Beuermann-King says HR leaders need shared values for the organization that makes it easier to call out inappropriate behaviour when it’s happening, whether by supervisors or employees.

“When we only talk about the word respect and we haven't defined what it looks like and it doesn't look like, it makes it really hard for people to say, ‘Does this really fall into that category?’” she says. “So I think having organizational values well-defined and living them out loud helps to get rid of some of those blind spots because you can have those conversations and ask those questions on your engagement survey, and everybody has the same language to pull that information forward.” 
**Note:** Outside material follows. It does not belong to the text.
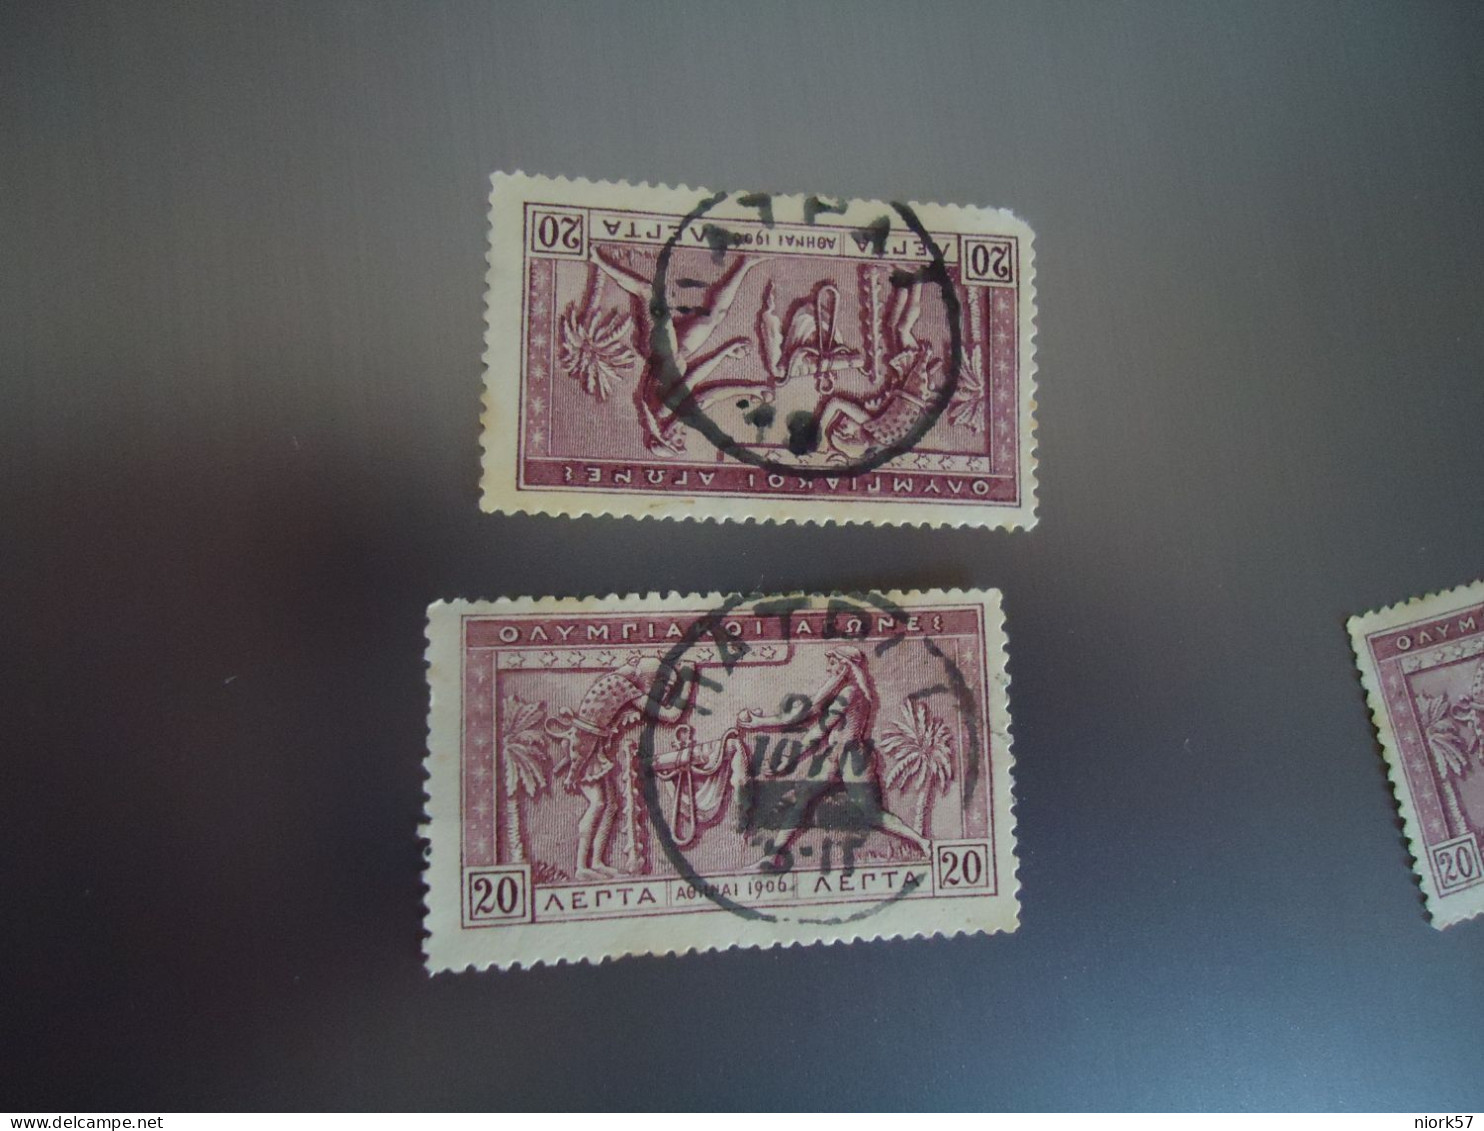 GREECE USED STAMPS  2 OLYMPIC GAMES POSTMARK  PATRAI  ΠΑΤΡΑ - Affrancature Meccaniche Rosse (EMA)

Define clear values and back them up 

Karakowsky says organizations need to define respectful leadership clearly, so managers understand what crosses the line and employees can trust that standards will be applied consistently. “Organizations that don’t explicitly articulate what constitutes respectful leadership and what crosses the line put themselves and their managers at risk,” he says. 

When toxicity from a supervisor is suspected, Karakowsky says HR leaders can start with the data they already have — from team-level engagement results, turnover patterns, exit interviews, internal transfer requests, and any upward feedback trends — and add targeted listening from confidential interviews from the team in question, rather than launching an immediate investigation. If certain teams consistently show higher attrition or repeated complaints, that’s often a sign that something is wrong, he says. 

“It's looking for the signs like absenteeism, disengagement, a lack of collaboration — all the key things that come up in engagement surveys and such, and putting them together, not just looking at them as these separate pieces,” says Beuermann-King. “I think in a lot of cases for HR, actively looking for this stuff can prevent you having to deal with emergencies and the big things in the end, as opposed to catching them and nipping them in the bud at the beginning.” 

Beuermann-King notes that toxic behaviour from a leader can affect different people in different ways, but it always spells trouble for the organization.

“If all of this toxicity is there, you don't know how it's going to accumulate — for one person, they may have a really big tolerance for this stuff while others may have very little tolerance,” she says. “And it's not necessarily based on whether they can cope or not, they may just have had enough — and we know since COVID, the ‘what's-enough’ factor has definitely changed for people and many aren’t willing to put up with it anymore.”